Copy without pictures. Please restate each line of the listing exactly.

◆ Data extract

==========

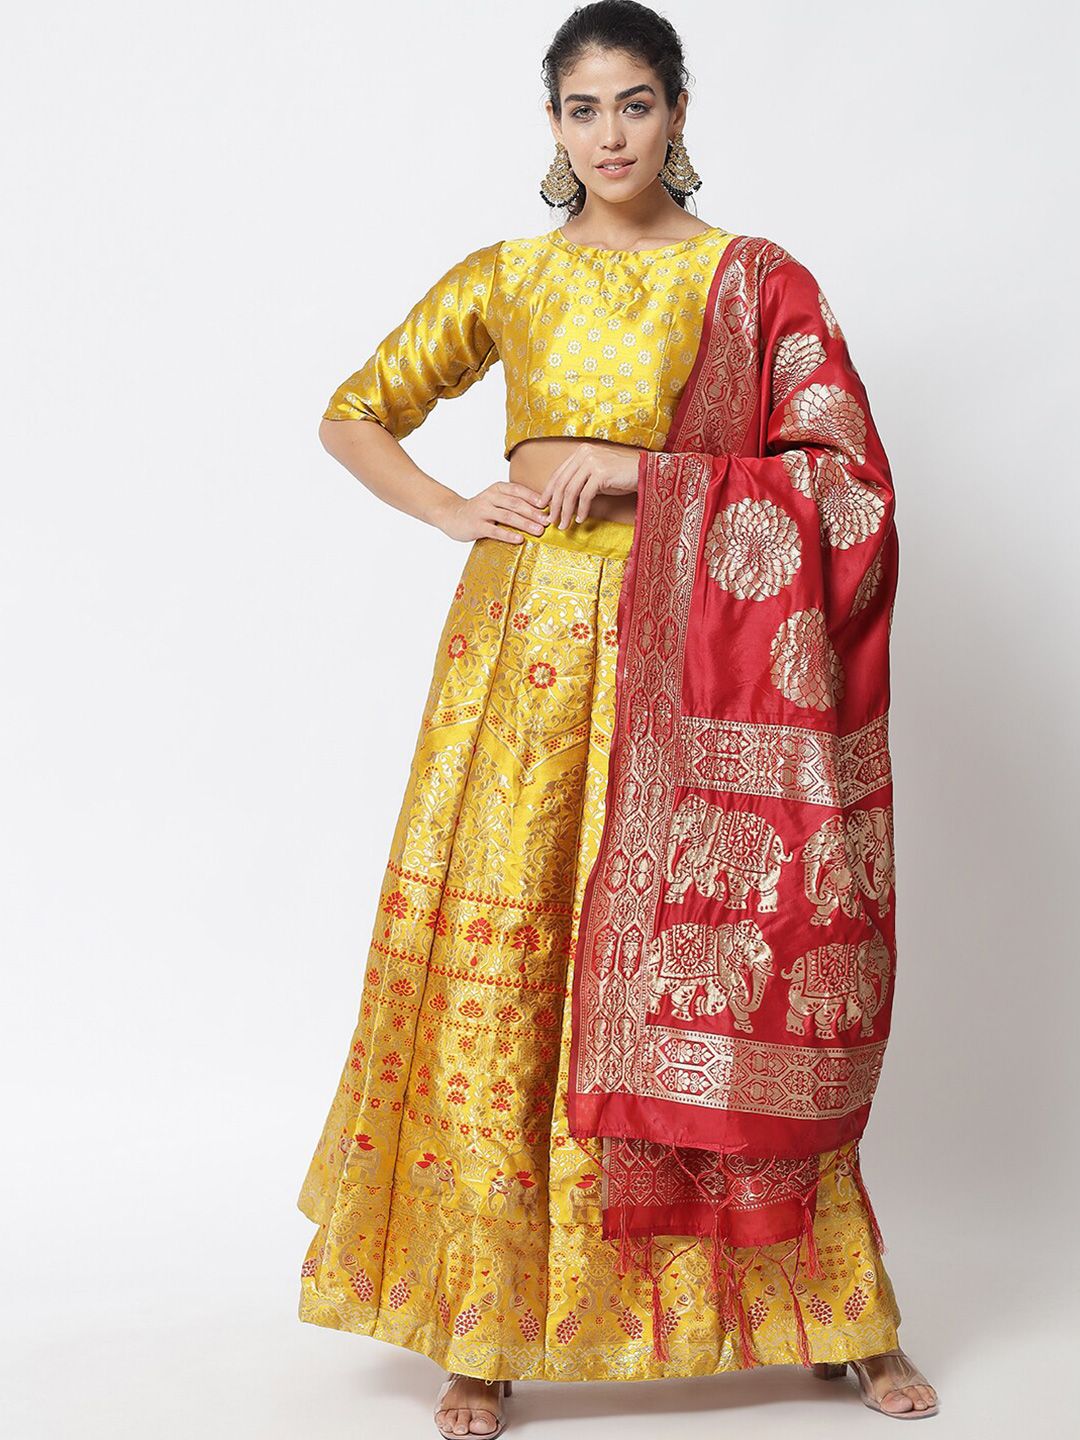 DIVASTRI Women Yellow & Red Woven Design Semi-Stitched Lehenga Choli With Dupatta Price in India
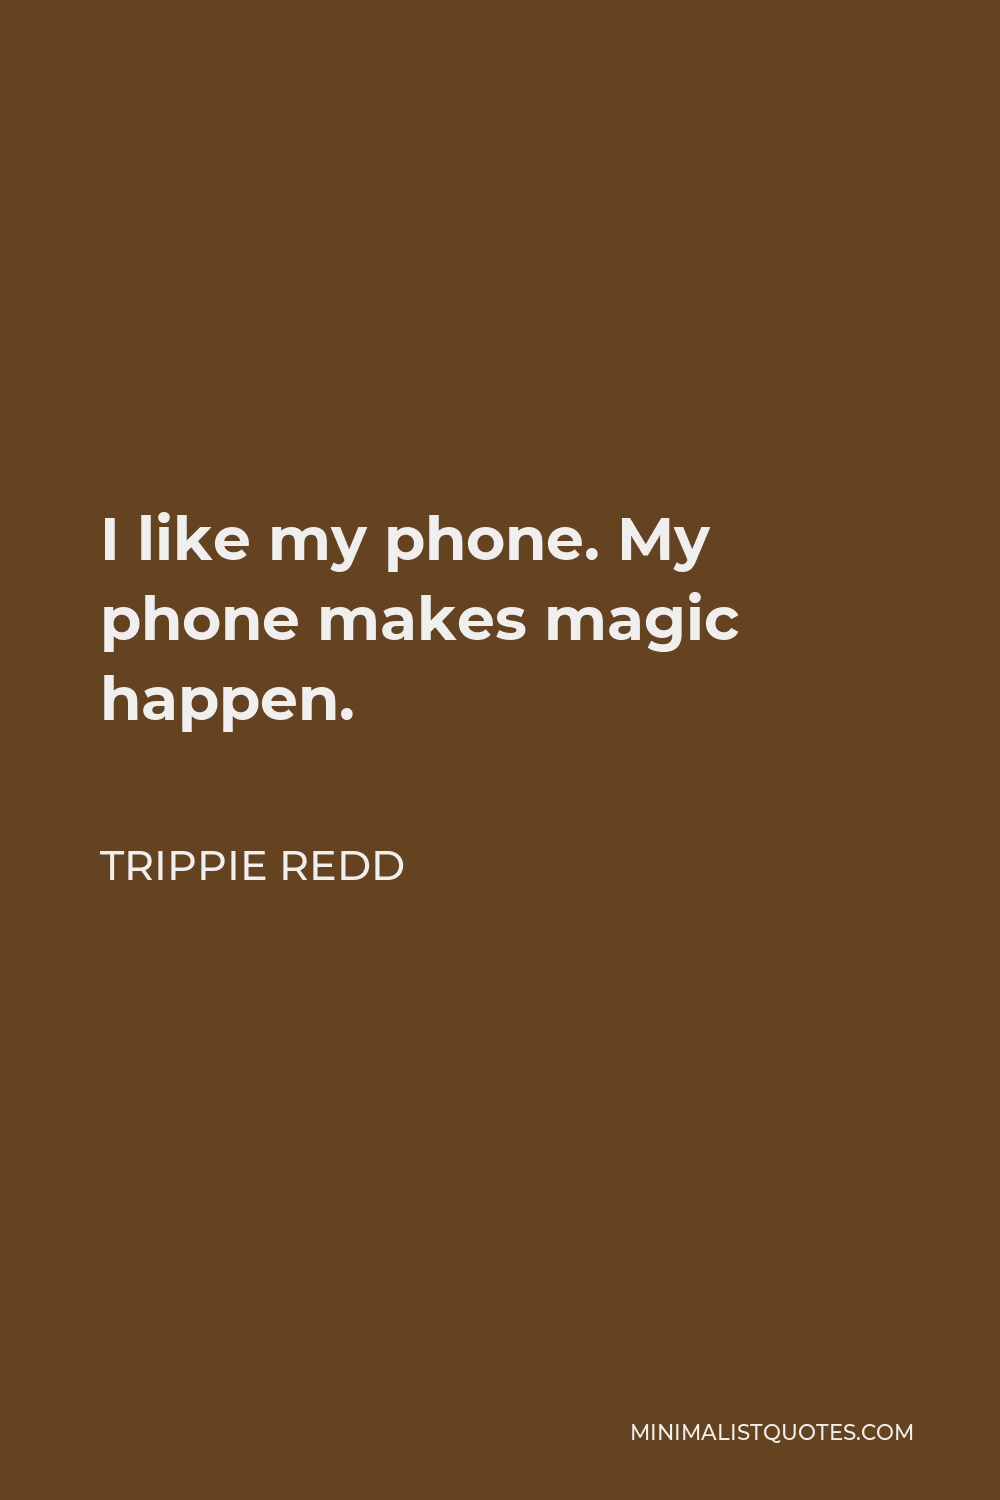 Trippie Redd Quote - I like my phone. My phone makes magic happen.
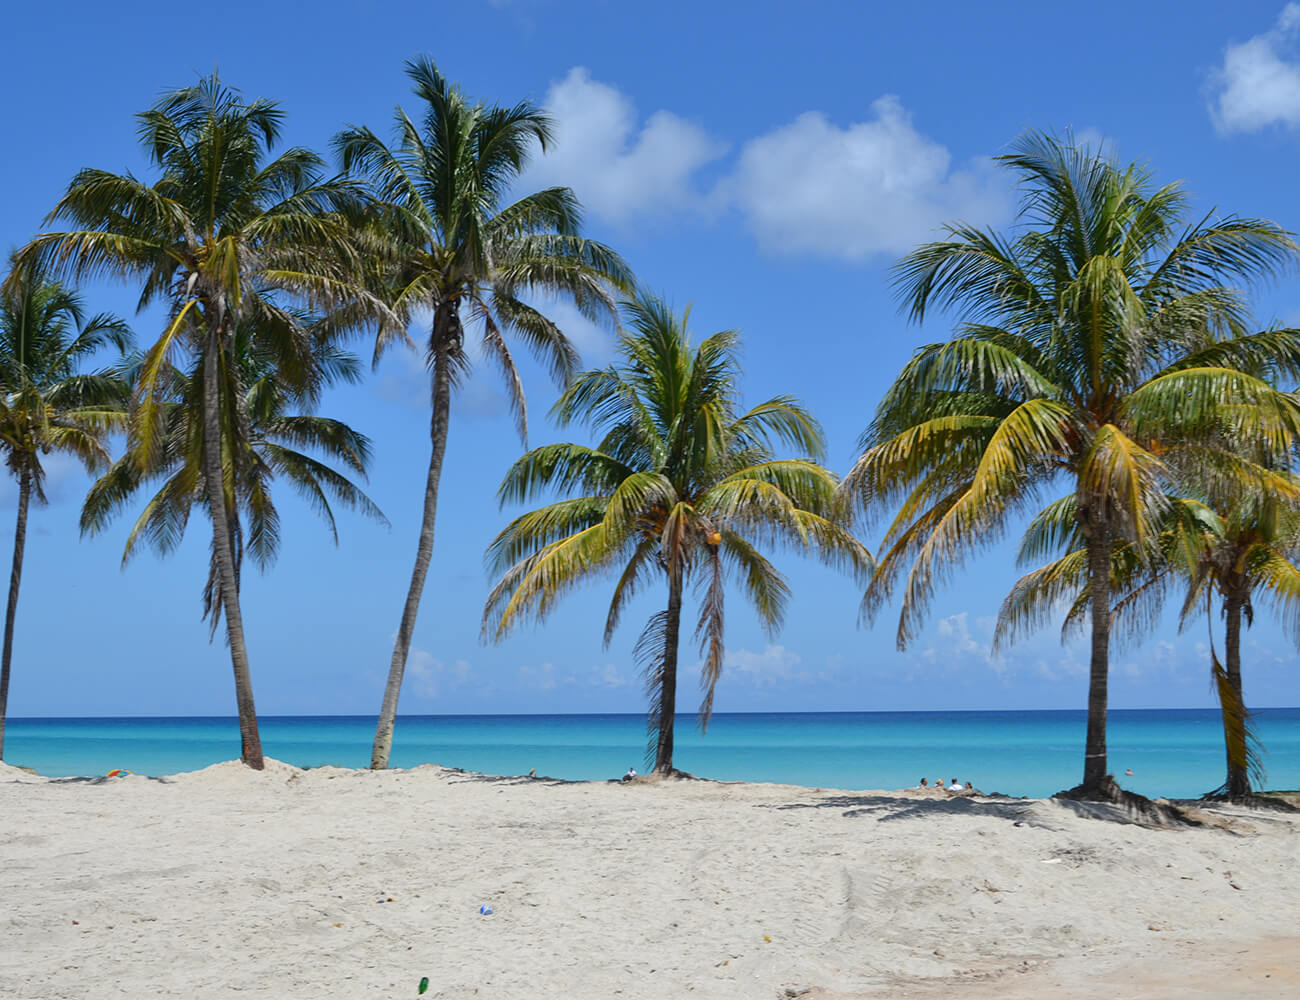 Beach Coconut Tree Scenery Backdrop For Photography IBD-24595

==========

◆ Written answer
 DIVASTRI Women Yellow & Red Woven Design Semi-Stitched Lehenga Choli With Dupatta Price in India
 Trippie Redd Quote - I like my phone. My phone makes magic happen.
 Beach Coconut Tree Scenery Backdrop For Photography IBD-24595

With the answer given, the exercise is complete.